Contractor onboarding, EOR payroll, and entity graduation all live on one platform. An Indiana contractor who converts to W-2 keeps their record. That same employee can graduate from EOR to your own Indiana-registered entity without changing systems. Contractor through EOR to entity. One timeline. One platform.
EOR works while you are testing the Indiana market, ramping a small remote team, or running one or two Indiana hires alongside a larger US payroll elsewhere. Indiana is a moderate-volume US state for Teamed. The compliance overhead is real: WH-4 county capture on every hire, DN01 county rate refresh every December, separate INTIME and Uplink filing tracks, and the cap-date arithmetic on a $9,500 SUI base. The maths of running your own Indiana entity starts to win later than in higher-complexity states, often around 12 to 15 Indiana employees. Teamed’s Crossover Calculator shows you the month it flips. The conversation is built into the relationship.
Indiana is the state where the federal-only payroll mindset costs the most on a per-employee basis. The state rate is one of the lowest in the country at 2.95 percent flat, but all 92 counties levy a separate income tax on top, set by where the employee lives on 1 January. Multi-state payroll providers that key off the state rate alone routinely under-withhold by 0.5 to 3.38 percent on every Indiana paycheque.
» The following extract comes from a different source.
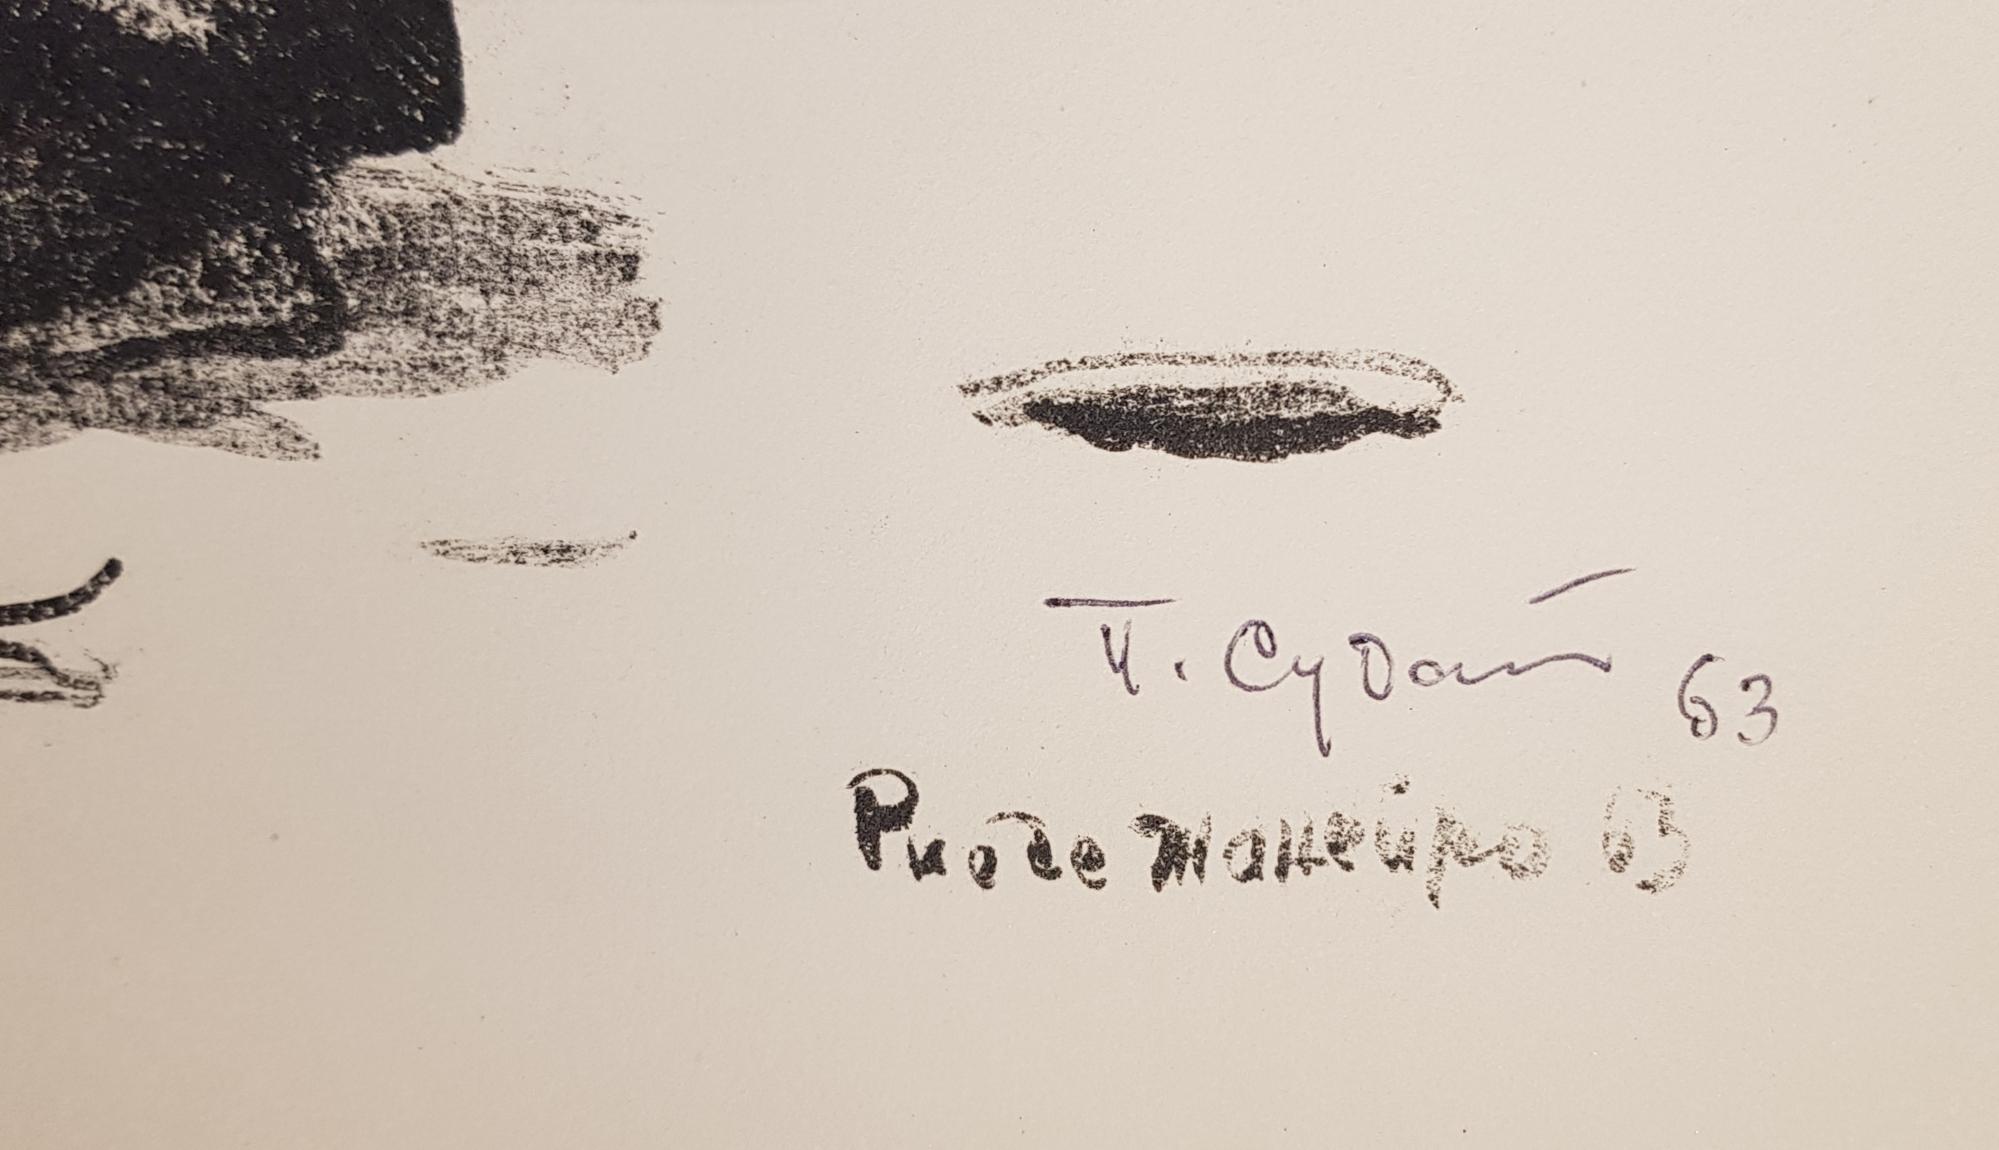 Подпись. Судаков Павел Федорович. Уличная сценка. Рио-де-жанейро

We capture the WH-4 county question at onboarding, refresh the county lookup table every December against Departmental Notice #1, and run state and county on the same WH-1 voucher so neither shows up as a surprise on the Q1 close.
Indiana payroll is two layers, not one.
Easy: a 2.95 percent flat state rate, one of the lowest in the country. Hard: a mandatory county tax in every one of the 92 counties, locked by residence on 1 January and ranging from 0.50 to 3.38 percent.
The discipline is capturing the WH-4 county field at onboarding and refreshing the lookup table every December before the first January payroll runs.